Только много времени спустя мир, сопоставляя известия, намеренно задержанные, и подробности, тщательно скрытые, узнал, что из четырехсоттысячного войска, победоносно маршировавшего к Неману, только двадцать тысяч перешли через полгода эту реку обратно и что из них две трети никогда не видели Москву.
Рапп, внимательно рассматривающий лица, обращенные на него, узнал некоторые из них. Он серьезно поклонился Матильде и более приветливо, повернувшись в седле, поклонился Дезирэ. Они вряд ли заметили его, так как все их внимание было обращено в сторону штаба, ехавшего позади.
Большинство офицеров было им незнакомо, другие же так изменились, что приходилось воскрешать в памяти их черты. Ни Шарля, ни Казимира не было среди верховых. Двое из них поклонились молодым девушкам.
– Это капитан Вильяр, – сказала Матильда. – Другого я не знаю. Также не знаю и этого высокого, который кланяется нам сейчас. Кто они такие?
Дезирэ ничего не ответила. Никто из этих офицеров не был Шарлем. Крепко сжав руки, она внимательно рассматривала каждое лицо.
Девушки заняли удобное место и поэтому видели даже тех, кто шел позади пешком. Многие из них не были французами. Было бы легко заметить Шарля или Казимира между смуглыми южанами.
Дезирэ не сознавала, что ее окружает толпа. Она не слышала ни одного из передававшихся шепотом замечаний. Вся она была само внимание.
– И это все? – спросила она, как и другие, когда войско вошло в город.
Она держалась за руку Матильды, лицо которой словно окаменело.
Наконец, когда последний солдат прошел под Зелеными воротами, они повернулись и молча пошли домой.
XIX
Ковно
Заметный еще по следам многих великих пешеходов, которые прошли этим путем.

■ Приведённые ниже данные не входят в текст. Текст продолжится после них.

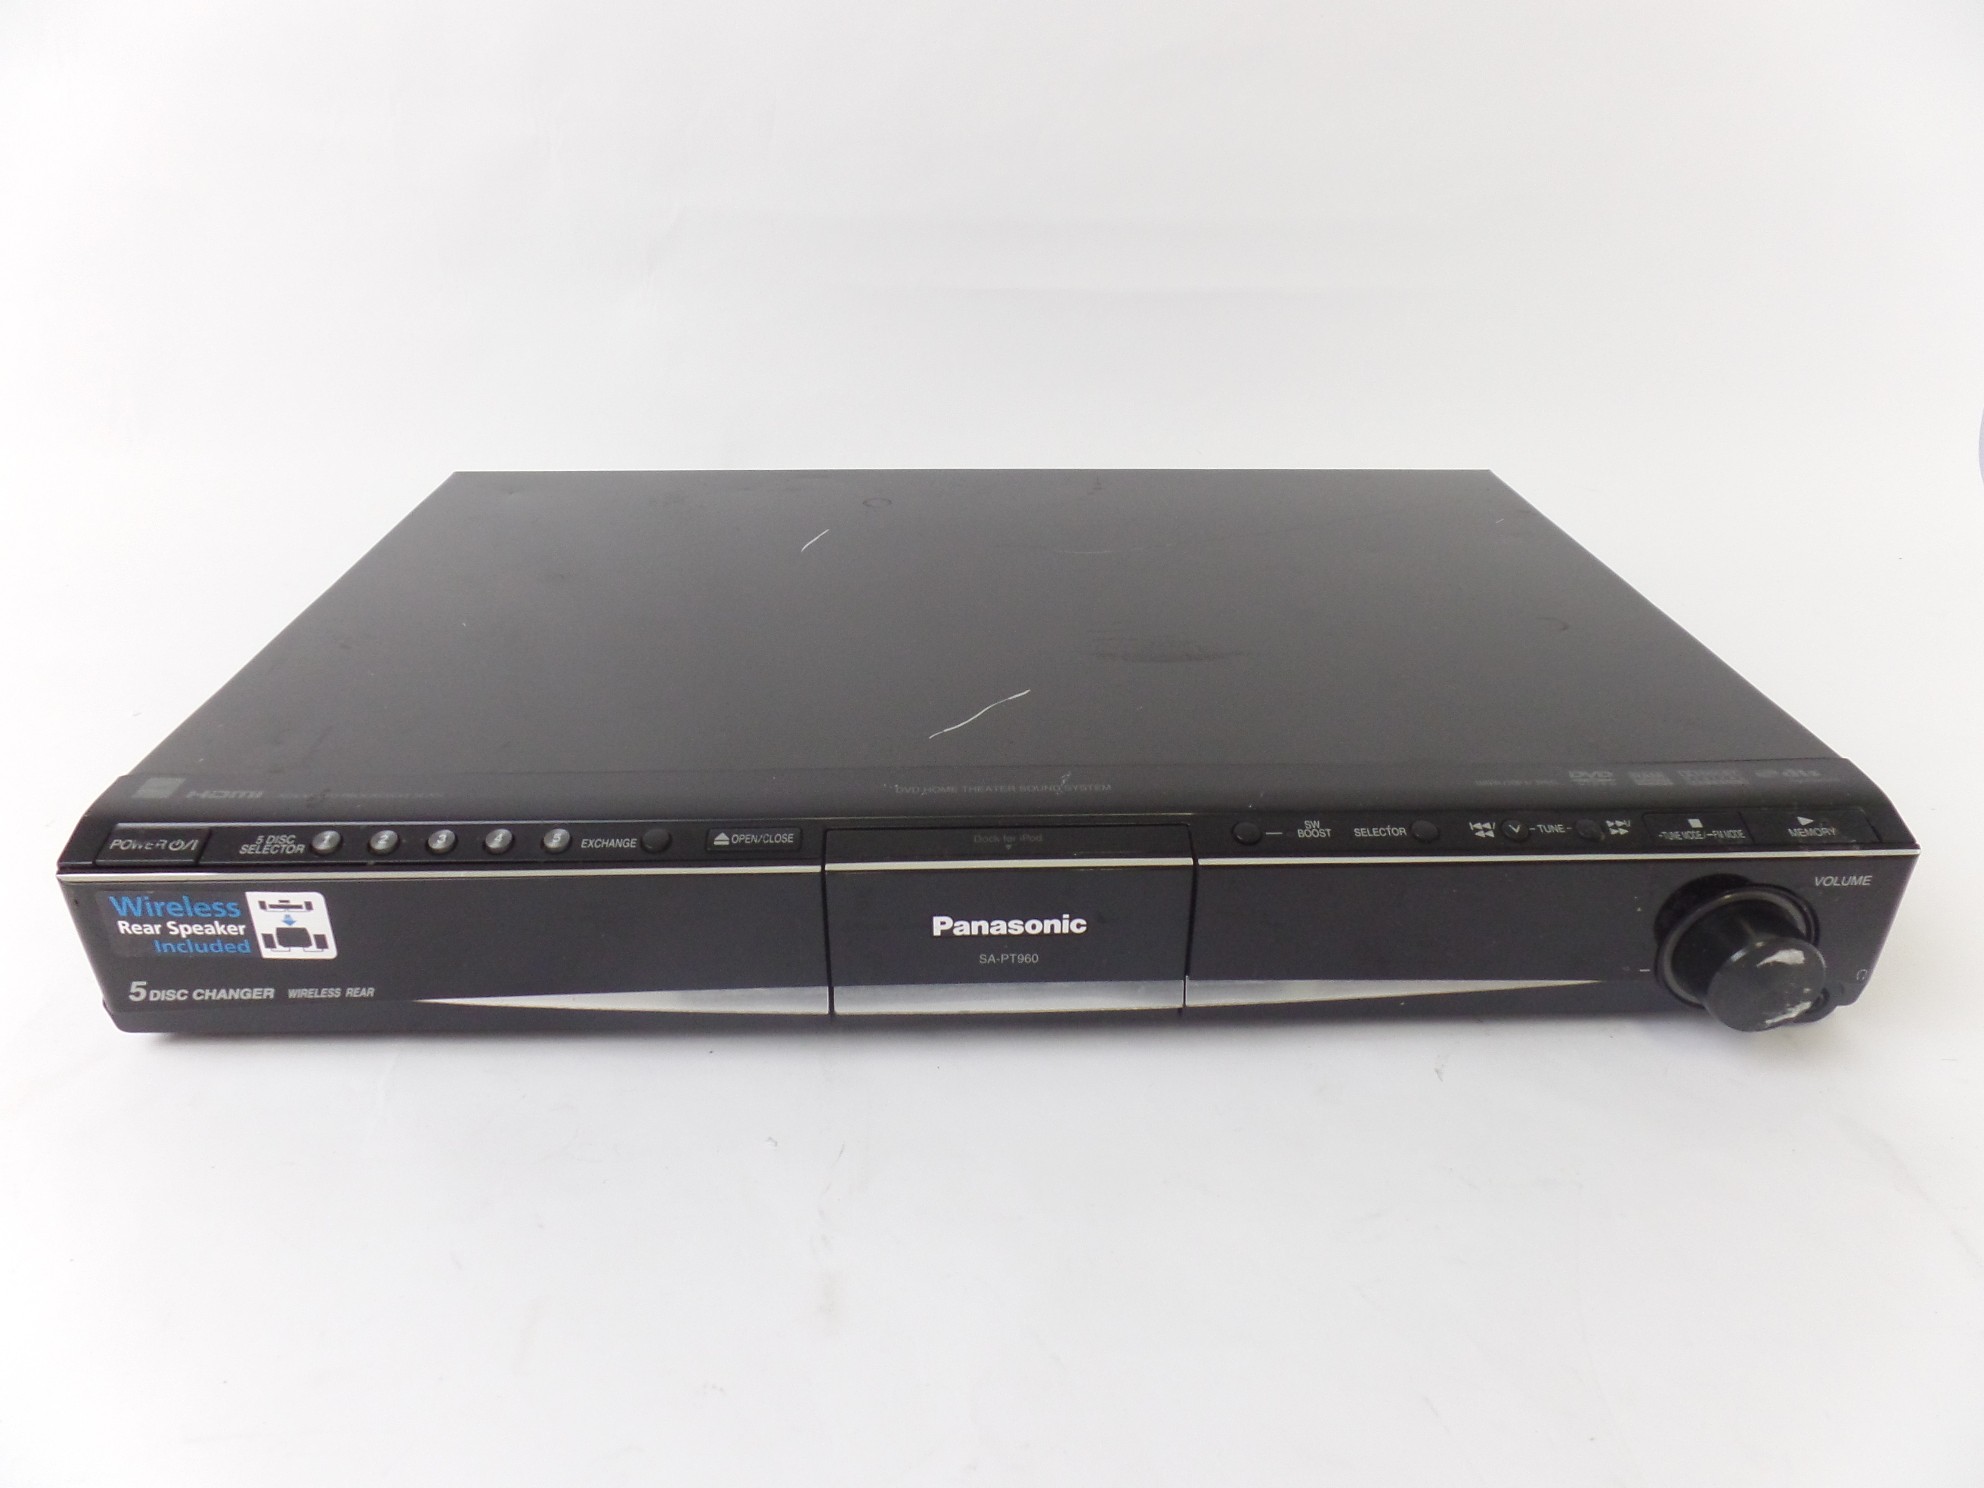 Panasonic Dvd Home Theater Sound System Sa Pt960 5 1 Channel Receiver For Parts

Многие не понимают того факта, что в северных странах, особенно в таких, как Литва, Курляндия и Польша, путешествовать зимой легче, чем во всякое другое время года. Реки, часто больше похожие на болота, так замерзают, что мосты становятся излишними. Дороги, почти непроходимые летом (глубокие колеи на равнине), заполняются снегом в зимнее время, и путешественник едет прямо от места до места по замерзшему снегу.
Луи д’Аррагон, по-видимому, наметил себе путь по равнине, руководствуясь теми же приемами, к которым он прибегал, определяя по карте курс корабля.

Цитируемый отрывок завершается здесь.